Could you transcribe exactly the lines below, from the line with "RZESZÓW. Święto Uniwersytetu" through the line with "世界中のこどもたちが (トイピアノ / 25鍵盤) by Miyuh Kawanishi", and nothing else, leaving out the pictures?
══ Extracted material ══
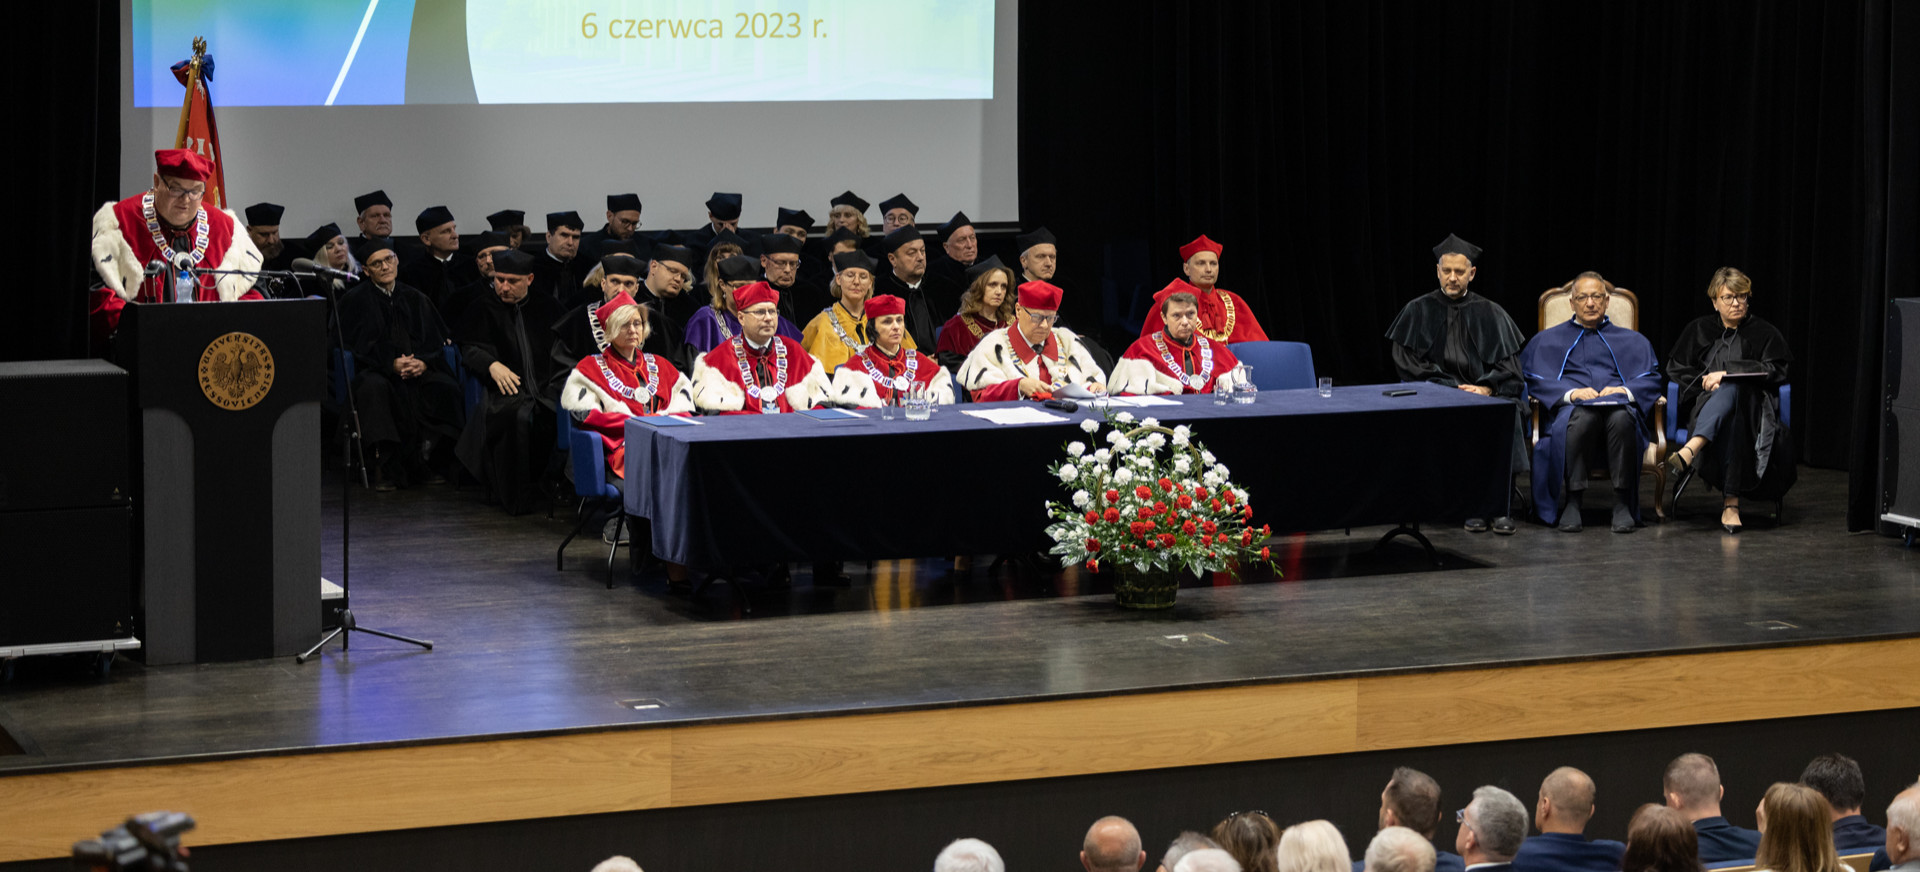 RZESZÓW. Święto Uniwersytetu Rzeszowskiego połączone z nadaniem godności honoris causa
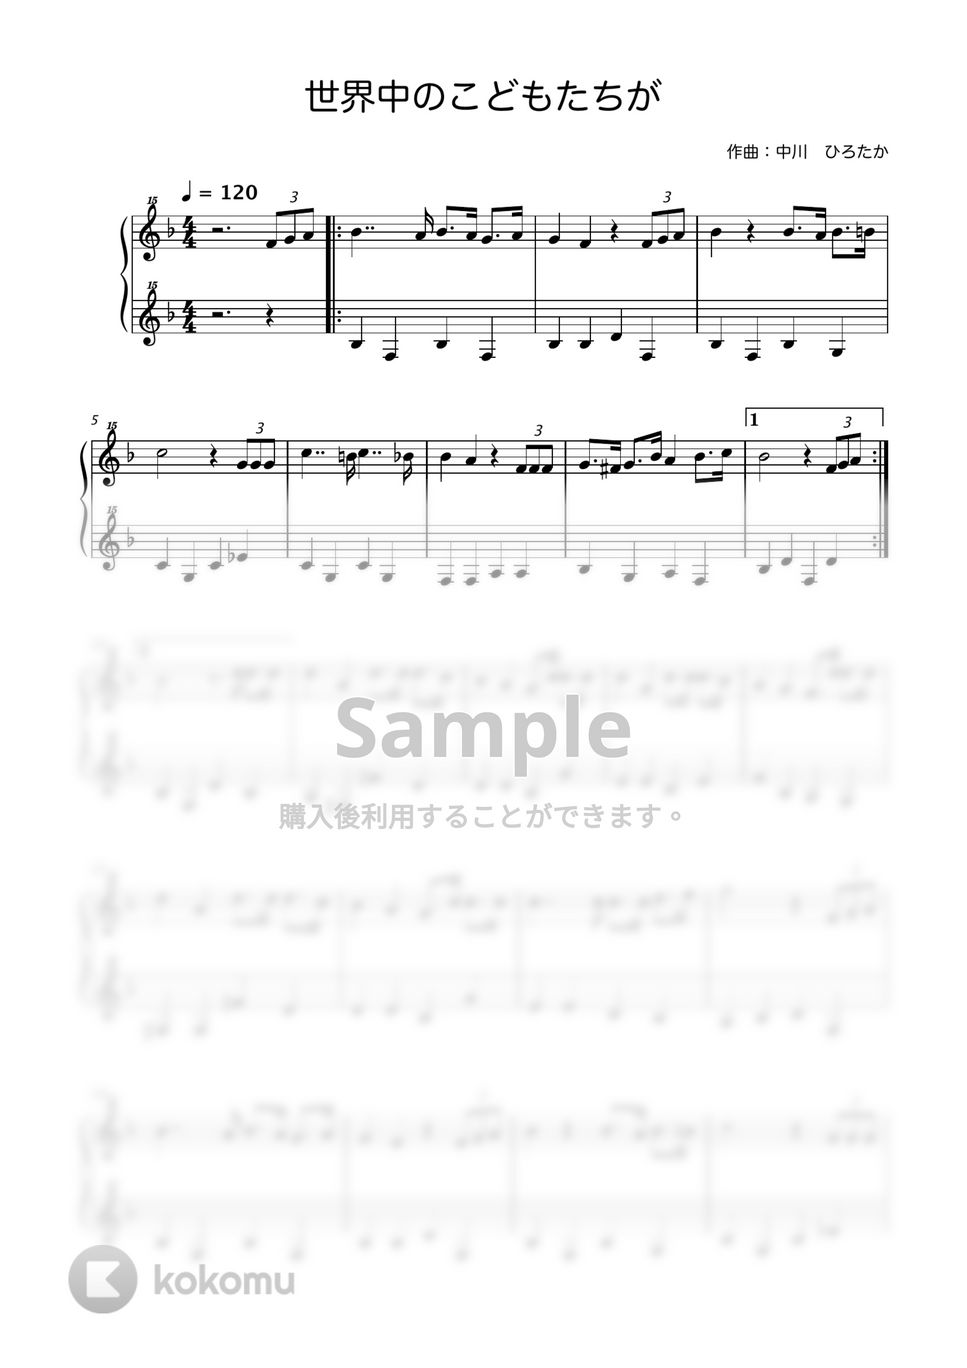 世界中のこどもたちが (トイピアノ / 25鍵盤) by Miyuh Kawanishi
═══
══ Extracted material ══
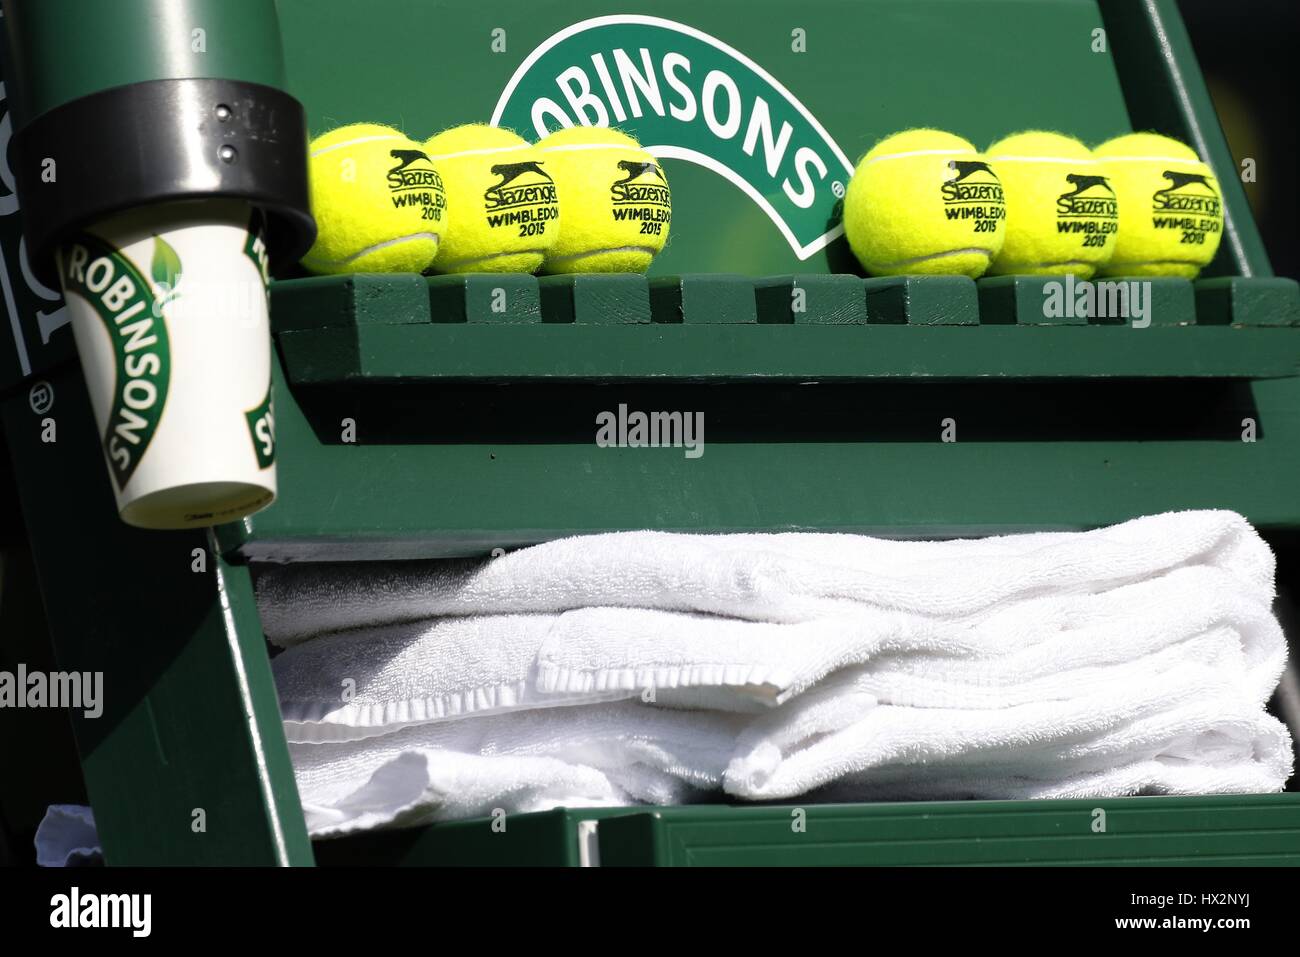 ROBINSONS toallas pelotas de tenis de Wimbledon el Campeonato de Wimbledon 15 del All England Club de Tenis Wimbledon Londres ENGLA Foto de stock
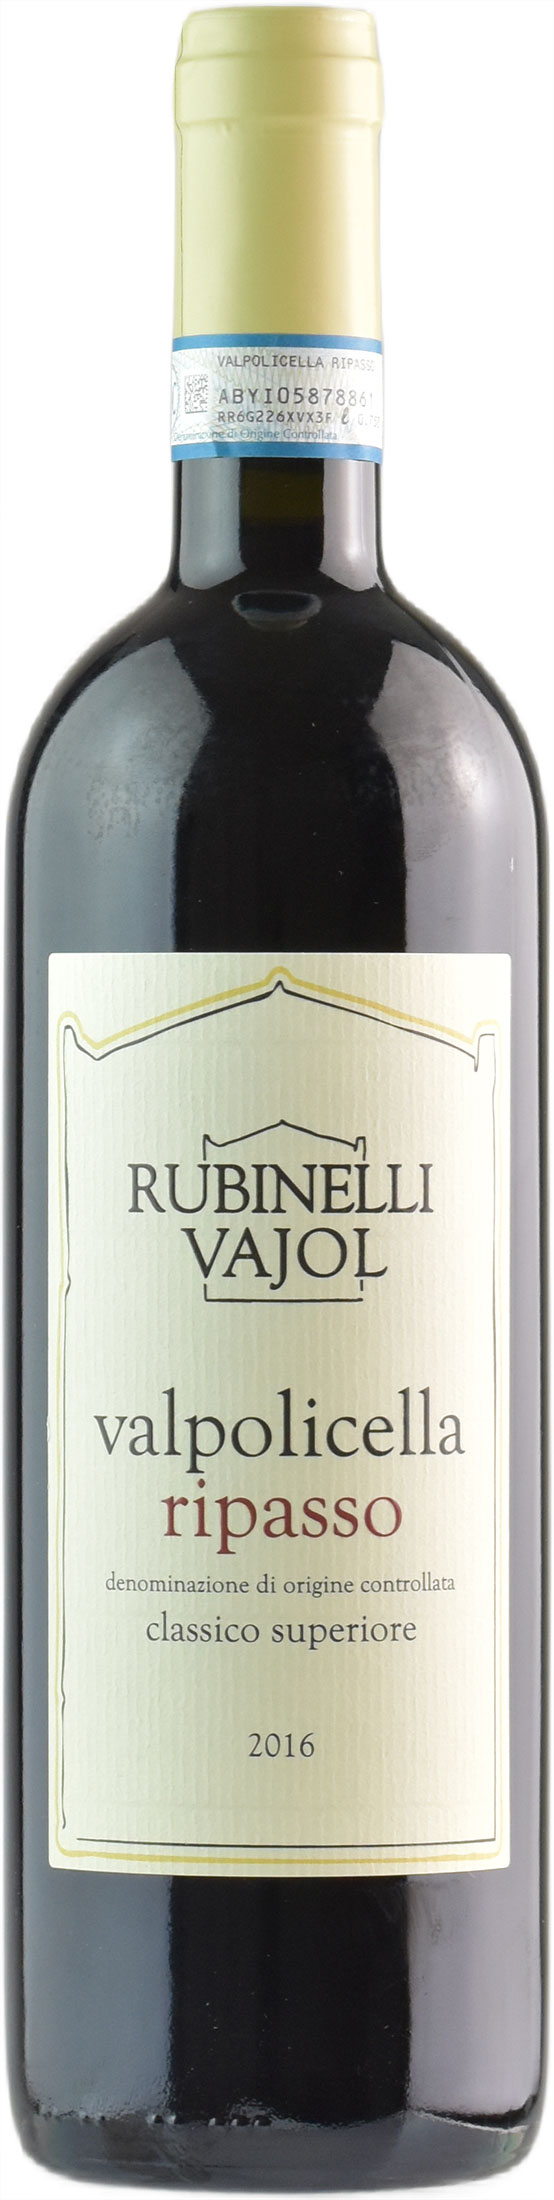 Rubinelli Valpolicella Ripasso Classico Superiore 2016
═══
**Response to the task**:
 RZESZÓW. Święto Uniwersytetu Rzeszowskiego połączone z nadaniem godności honoris causa
 世界中のこどもたちが (トイピアノ / 25鍵盤) by Miyuh Kawanishi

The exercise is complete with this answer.